I was leader of a group known as the Bennites, and our rivals were led by MacMahon, who organised the MacMahonites. We used to flick bits of paper at each other, using slings with rubber bands, which could sting very sharply at short range.

On one occasion I stole a pencil from a fellow pupil. I was so overcome with guilt that I told my father what I had done and he contacted Mr Leman about it. The importance of telling the truth was instilled in me as an essential requirement, then and throughout life. I subsequently wrote to my father, who must have been away from home in 1935:

Dear Daddy

I got your letter and I am really sorry about the untruth. I have honestly decided to turn over a new leaf … Mr Leman was very kind to me and what he told me impressed me, it was decent of you to get him to talk to me as I realise it was for the good.

At Gladstone’s, I did not particularly excel: ‘English: Too slapdash’; ‘Drawing: No artist but he is keen’; ‘Arithmetic: Rather inaccurate and should be neater’. By the time I was twelve, at the end of 1937, Mr Leman wrote of my general conduct:

Anthony is a little too conscious of ‘Anthony’. He works well and tries hard, but has a tendency to overdo things … Next term I shall watch him with interest – he
ought
to be good.

From there I went on to Westminster School as a day-boy and, incredible as it is to report, I had to go to school every day in a top hat and tailcoat; I was there from 1938 to 1942. Westminster was equally conservative and we even had the son of the German Ambassador, von Ribbentrop, at the school. My brother Michael was already at Westminster when I moved there, and the dayboys were very fortunate in not having to board in dormitories. I think public-school boys have always found prison easy because the accommodation and discipline are familiar.
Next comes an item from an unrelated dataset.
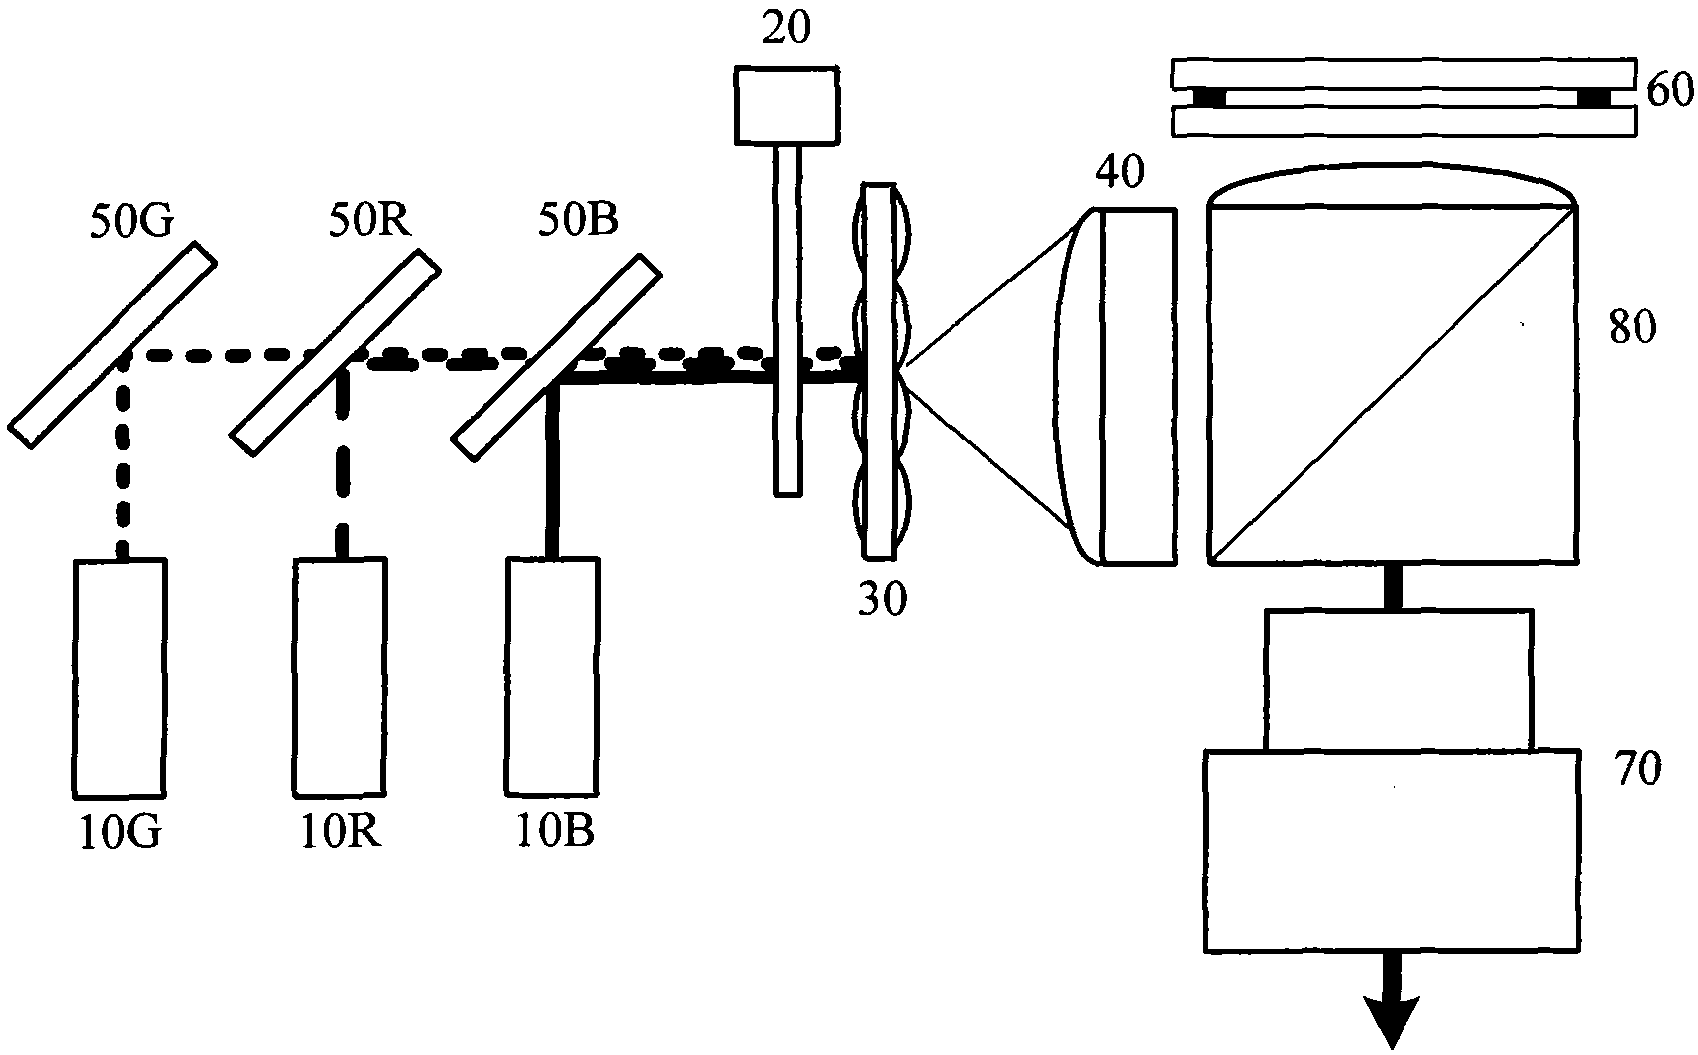 Reflection-type optical engine

Westminster was a very old foundation and I had the experience of prayers in Westminster Abbey every day. I learned the Lord’s Prayer and others in Latin, and they had a comfortable ritual feel. The organ was played by Mr Lofthouse, and the Abbey became a very familiar place to me, although I do not recall going there for services. I do remember watching the coronation of George VI in 1937 from outside the House of Commons.
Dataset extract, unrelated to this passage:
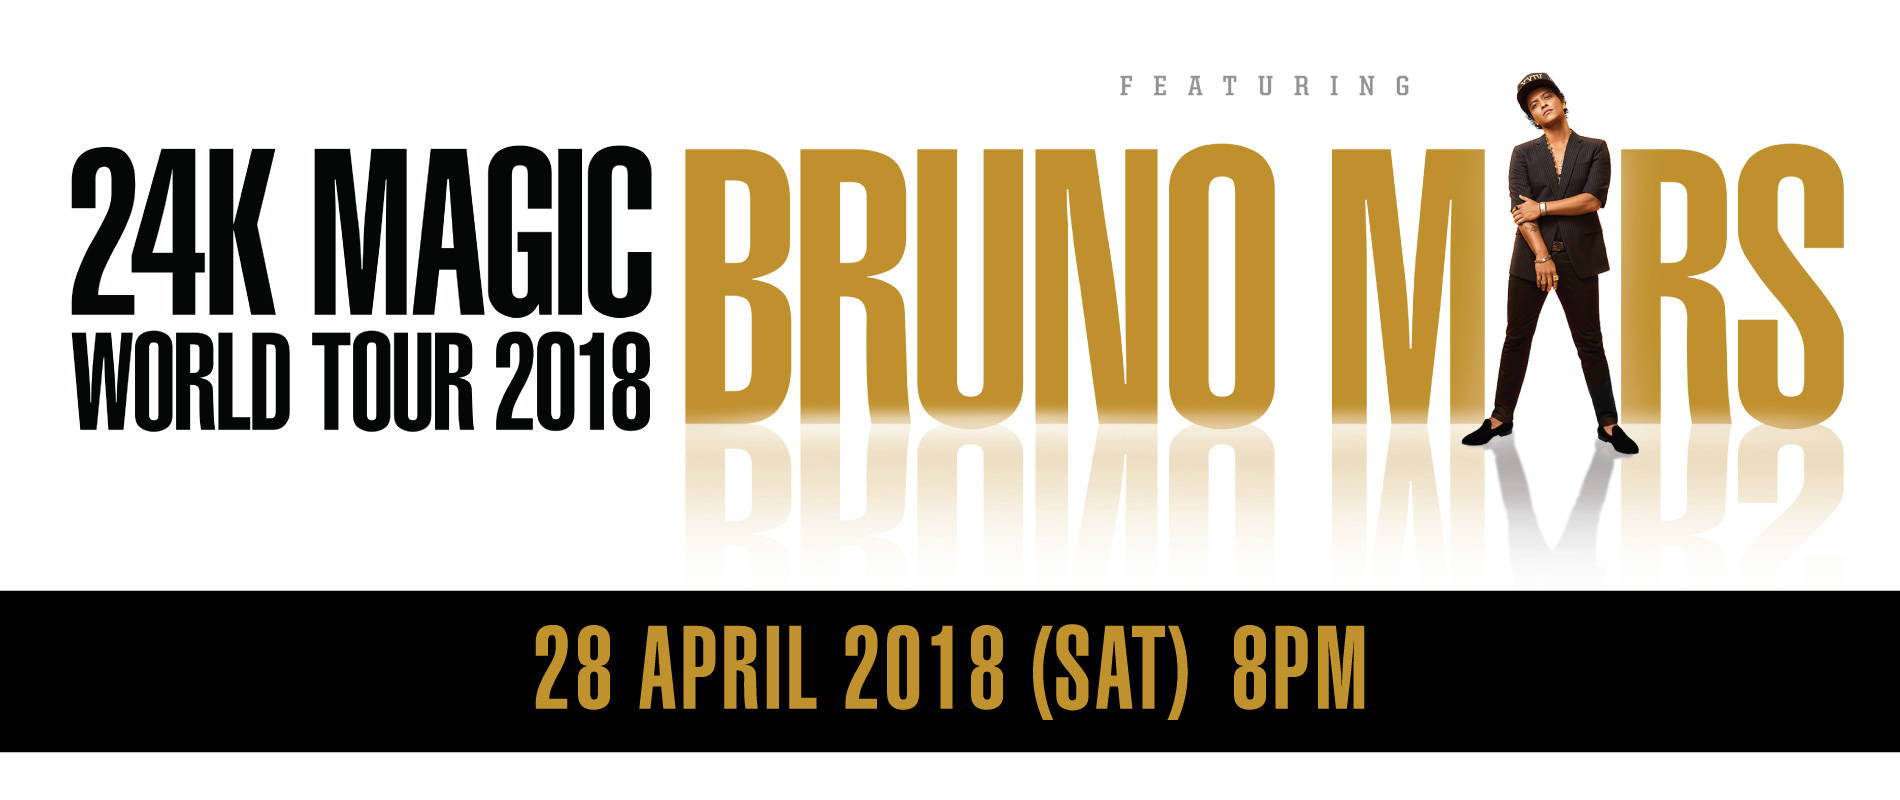 Bruno Mars - 24K Magic World Tour Thumbnail Picture

My housemaster was Mr C. H. Fisher, a very jovial man, who had the responsibility of teaching me about sex. There were no girls at Westminster School, so they continued to be a mystery, although Mr Fisher had taken me aside at the end of one day to give me a clinical explanation. By then I had seen a few bulls,
cows
and dogs in action, had exchanged smutty stories with my schoolmates and had a fairly clear idea, even though this was never explicitly linked to the species to which I belonged. It was in marked contrast to my own grandchildren’s understanding, because they seem to know every detail from the age of about seven. Mr Fisher was known as Preedy because he smoked Preedy’s tobacco in his pipe; later he married the matron.

Another teacher was Mr Carlton, who later became headmaster, and was known as Coot. On one occasion my father asked Coot to come out with us to the cinema and took us afterwards to a milk bar, which I thought was a night club. Father no doubt chose the milk bar because it was cheap.

Another of our teachers was Mr Wordsworth, known as Siggy, a descendant of the poet. We also had a science teacher called Mr Rudwick, who was known as Beaker, and we called his children ‘Beaker’s experiments’. I didn’t like science; my main interest was politics, although we were never taught it as a subject.

The headmaster of Westminster, Mr J. T. Christie, later became the principal of Jesus College Oxford and was inevitably known as Jesus Christie. He was very tall and he gave us a moral education which he hoped would influence us for the rest of our lives.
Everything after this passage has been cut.